看著邊說邊拉開拉門的咎兒,七花詫異地說道。
“現、現在就去嗎?到我姐姐那裡?”
“啊啊——嘛,就是那麼回事。”
“七花。”
走到走廊時,咎兒又回頭向七花說道。
“雖然不想問——可是問了也是為你好。你為什麼隱瞞著七實比你更強的事實?”
“……那是。”
面對這突如其來的質問,七花他。
賭氣般地沉默了下來——終於。
“姐姐不是主張自己強大的性格。那個人一點都不覺得自己強——反而覺得比其他人弱。”
“我沒問你七實的理由。是你的理由。”
“所以啦。”
七花橫過臉。
避開了咎兒的視線——說道。
“因為我想成為咎兒的刀啊。”
“……”
“要是知道姐姐比較強的話——咎兒不就會選姐姐了嗎?”
“……這樣麼。”
咎兒——嘟囔道。
然後,露出了些許,笑容。
“我不說第二遍,所以你聽好了。半年前如何我不知道——現在的我,只把你當做是我的刀。無論你輸多少次,也不會變。”
這種事別讓我說這麼明白啊你個笨蛋——
這麼說著——咎兒拉上了拉門。
七花不知該如何表現如今自己胸中的情感——於是他先打了一個滾。
然後大字躺倒,思考著。
今晚再戰時的——戰略。
他堅信著咎兒的談判一定會成功。
她走在走廊上。
拖拽著那身豪華絢麗的衣服,她徑直走向七實房間的腳步中不含有一絲一毫的迷茫。
已經決定了如此策略的咎兒,不可能會有迷茫。
已經成功挑撥了七花。
剩下的——只有一決勝負了。
“……”
可是——咎兒依然有事情不明白。
“鑢七實……到底在想什麼呢……”
那是——
跟她忌憚的否定姬於此同時在尾張懷有的疑問,幾乎完全相同。
“如果只是來指出弱點的話,那就還好——那麼又為什麼要這麼拐彎抹角……既然已經拿到了惡刀‘鐚’,又為什麼非得向一直溺愛的弟弟強行要求這種不可能取勝的勝負……總不可能是劍士和劍士的對決不需要什麼理由之類的吧——”

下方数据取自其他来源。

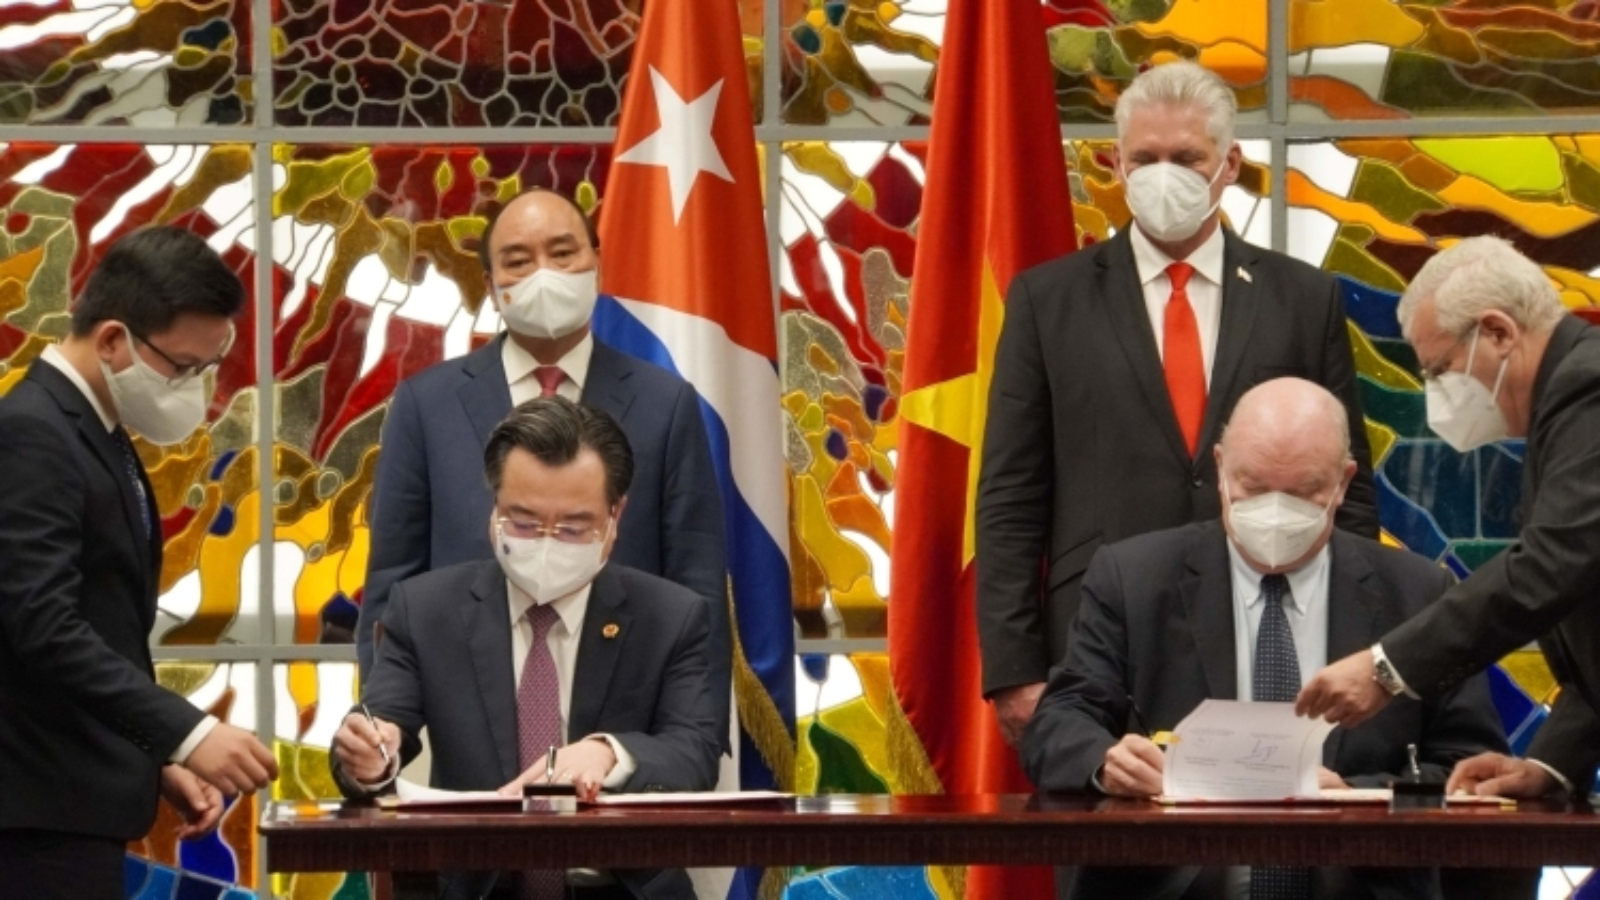 Cuba prioritises vaccine supply, technology transfer to Vietnam

鑢七實得到惡刀“鐚”,對於奇策士咎兒來說絕不是什麼好事——可是,倘若那把刀沒有落入七實手中,而是繼續呆在死靈山山頂上的話——也絕不是可以簡單收集的。
一級災害指定地域,死靈山。
能夠只花一會兒時間就收集到保管在那裡的惡刀,歸根到底也是隻有天才·鑢七實才能完成的偉業。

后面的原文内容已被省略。